Same deal, gonna borrow some KEY words from Stanford. Your decision. Distinctive opportunities. Stanford.

  1. This is what I want to do—and here is why YOU should be excited about it. (This doesn’t require a ton of backstory or setup—some setup, yes—you need our buy-in. If your idea is uninspired, guess what, so too are “you.” Sell it. Give us just enough background and then in simple terms, walk us through your aspirations. With surgical efficiency.)
  2. I’m confident I’m gonna succeed because I’m good at it, I know what it takes to succeed, and I frickin LOVE the thing to death. Lemme show you what I mean, this is how it’s all gonna look, step by step. Notice how each step as I’ve laid it out SNAPS into place perfectly. I understand the logic behind all of it because I “get” it, I “get” my vision, only people who get it so keenly are likely to succeed.
  3. This confidence comes from careful consideration of how it’s all gonna go down, which has led me to recognize the importance of not just why an MBA is key, but why Stanford in particular supports my vision the BEST—I am, in effect, turning down Harvard, Wharton, Booth, etc., you name it, because none of these places can do XX YY and ZZ to catapult me toward my vision like Stanford can.

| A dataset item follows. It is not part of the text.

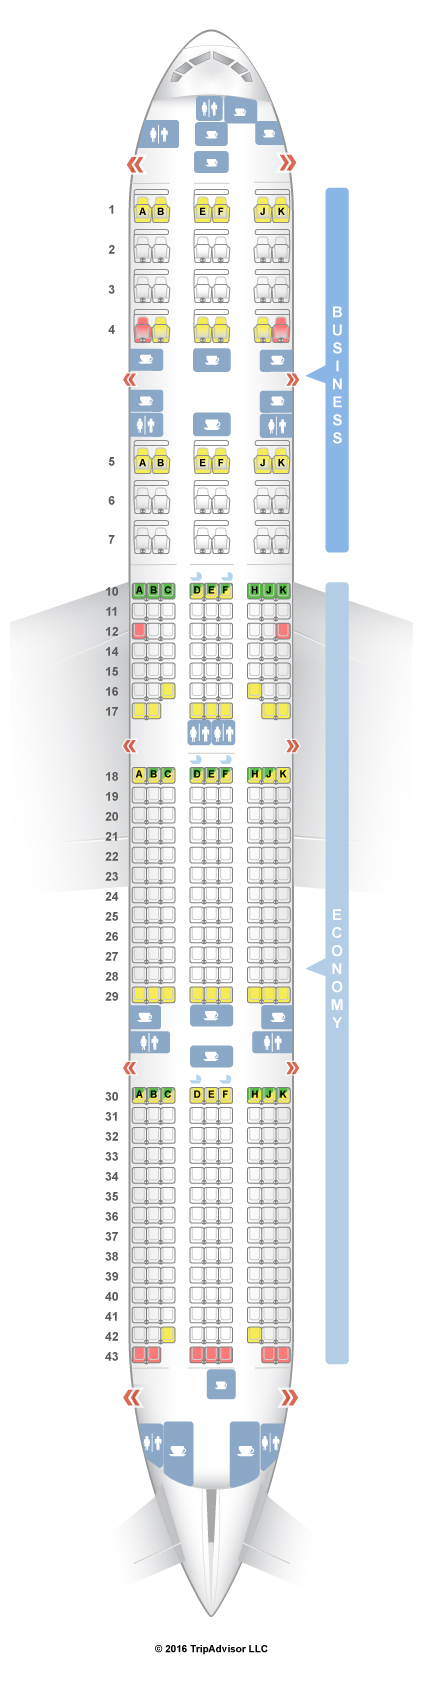 SeatGuru Seat Map Qatar Airways Boeing 777-300ER (77W) V3
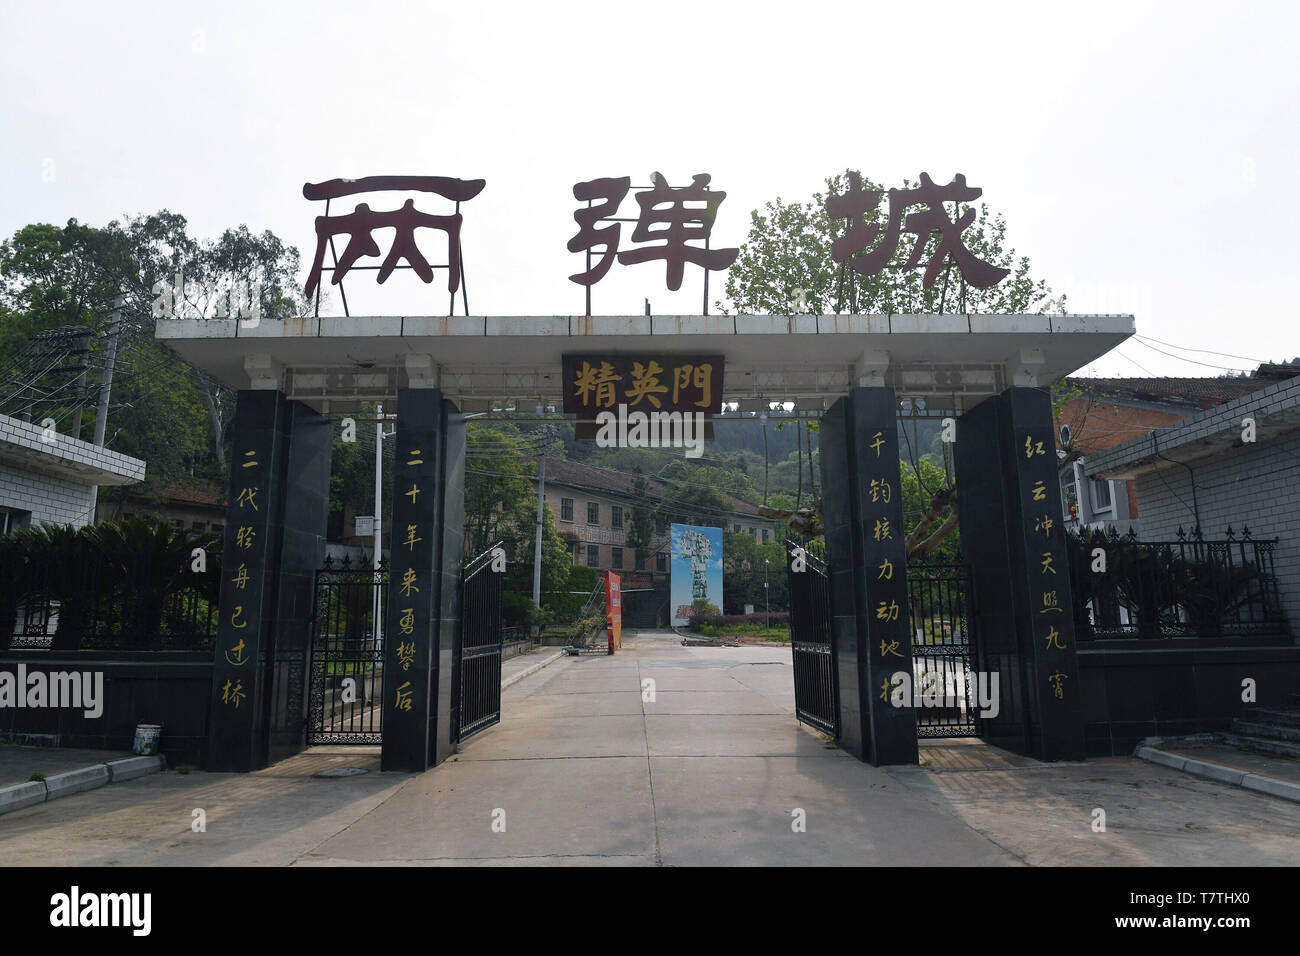 (190509) - CHENGDU, Mai 9, 2019 (Xinhua) - Foto am 23. April 2019 zeigt das Haupttor des Liangdancheng, d. h. die Stadt von Atombomben, der Website, wo Chinas erste Atom- und Wasserstoffbomben entwickelt wurden, sind im Kreis Zitong Mianyang, Provinz Sichuan im Südwesten Chinas. Zitong war die Heimat der Forschung Hauptsitz von Chinas Atomwaffenprogramm, wo ein Dutzend erstklassiger Wissenschaftler seit über einem Jahrzehnt auf Chinas erste Atom- und Wasserstoffbomben und Satellitenstarts in den 1960er und 1970er Jahren gearbeitet. (Xinhua / Liu Kun) Stockfoto

That’s the essay. In a nutshell. That’s what we call “the subtext.” Underneath the actual stuff you write, this should be communicated.

In order to NAIL this essay, you must understand Stanford and what they’re all about. This may take some research on your end, and this is what Stanford is hoping—that after a TON of research, you have determined that THIS place, unlike any other, is your best fit. Articulate THAT not just when you address the “why Stanford” piece, but even as you articulate your goal. The folks who get into Stanford demonstrate a synergy with the school in every fiber of their application. It’s gotta come through everywhere. Evvvvverywhere.

But so, after you’ve walked us through points 1 and 2 above, let’s dig in a bit to point 3.

How to understand Stanford well enough to approach this? Spend time on the website. Read about the school elsewhere—articles, anything written by current or former students. Talk to former students. Talk to current students. Visit the campus. Los of ways to engage—where there’s a will, there’s a way. Read stuff by current or former professors. Notice the trends of what kinds of professors came from Stanford. Notice what kinds of companies were started at Stanford. Get a sense.

Now, whatever you do, please don’t think that there is a magical phrase or a set of classes you can name drop that will trigger a successful outcome. The demonstration of “fit” here is a wildly organic one. It’s in between the lines, never the lines themselves. Stanford’s assets have to match YOU in a way that won’t necessarily apply to the guy sitting next to you. This is the whole point about “individuality” and “uniqueness.” Stanford is curious to see how aspects of its program and culture uniquely affect your appetite for an MBA, or for your career goals. It’s not “mentioning a class,” folks. Or “a club.” Or “a professor’s name.” It’s much much much more than that.

It’s an argument.

An argument that PROVES connectivity. Proves that there is something about Stanford that not even a place like Harvard or LBS or Wharton or Top School X can quite satisfy in the same way. That’s a great conceit to adopt here. You have a free ride to HBS. Why would you PAY to go to Stanford instead? Convince me, as though I’m your spouse, why this is not an insane decision. A great essay here can be between 400-500 words, no need for it to live outside that range.